Illustration : croquis d’audience de Valentin Pasquier pour Radio France
6 réflexions au sujet de « Affaire Pelicot : en finir avec la théorie du monstre et le mythe du bon père de famille »
Excellent article ! Ça secoue mais c’est incroyablement juste.
C’est dommage. L’article est bien construit et part avec exactitude sur la notion du bon père de famille : « Un bon père de famille, c’est un personnage de droit qui représente la norme, le neutre universel autour duquel on structure la société. ». Malheureusement, dès la phrase suivante, on quitte le neutre universel pour l’appliquer à des gens, pris concrètement. Le bon père de famille se transforme soudainement en un homme blanc socialement intégré etc. Dès lors qu’il viole, il n’est plus le neutre universel (application élémentaire du syllogisme aristotélicien si c’est encore autorisé), il n’est plus le bon père de famille.
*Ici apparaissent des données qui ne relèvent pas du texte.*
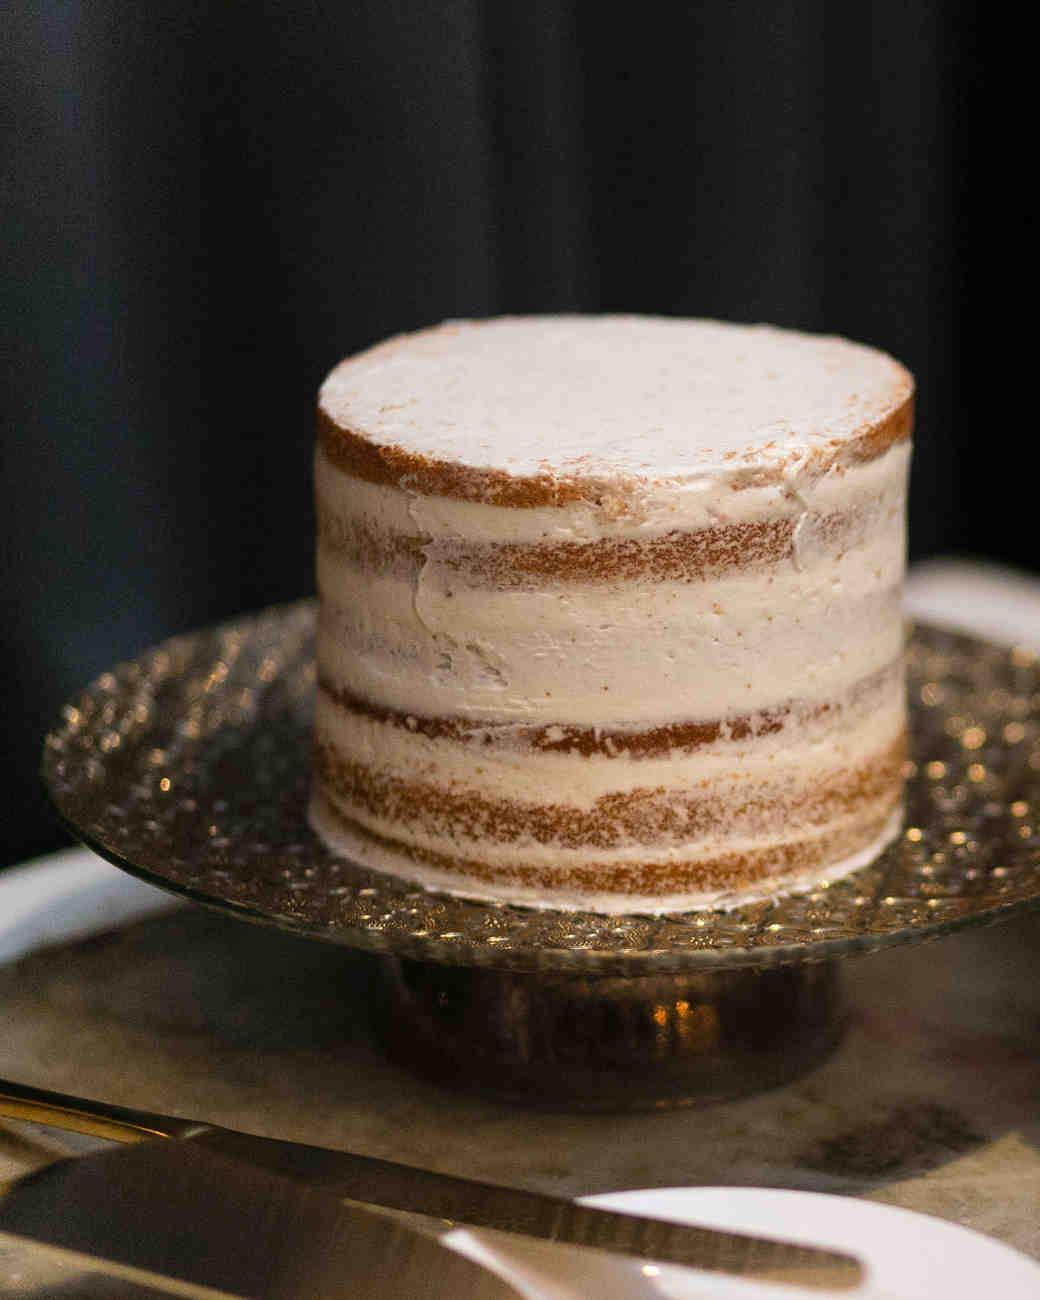 bianca-bryen-wedding-cake-476-s112509-0216.jpg

Erreur énorme de raisonnement dans l’article donc. C’est dommage parce que sur le fond, vous dites vrai : n’importe quel homme peut être violeur. Tout comme n’importe quel homme peut tuer. Voir « les hommes ordinaires » qui démontre la démarche des hommes ordinaires qui commettent la Shoah par balles. Dans des proportions similaires : 7/10 participent (ils avaient le choix). Trois se taisent. Aucun ne dénonce. Effectivement, il faut dire haut et fort que n’importe qui peut être violeur, assassin , voleur. Sociologiquement on connaît les pourcentages. Mais l’article perd en crédibilité en s’en prenant à tous les hommes.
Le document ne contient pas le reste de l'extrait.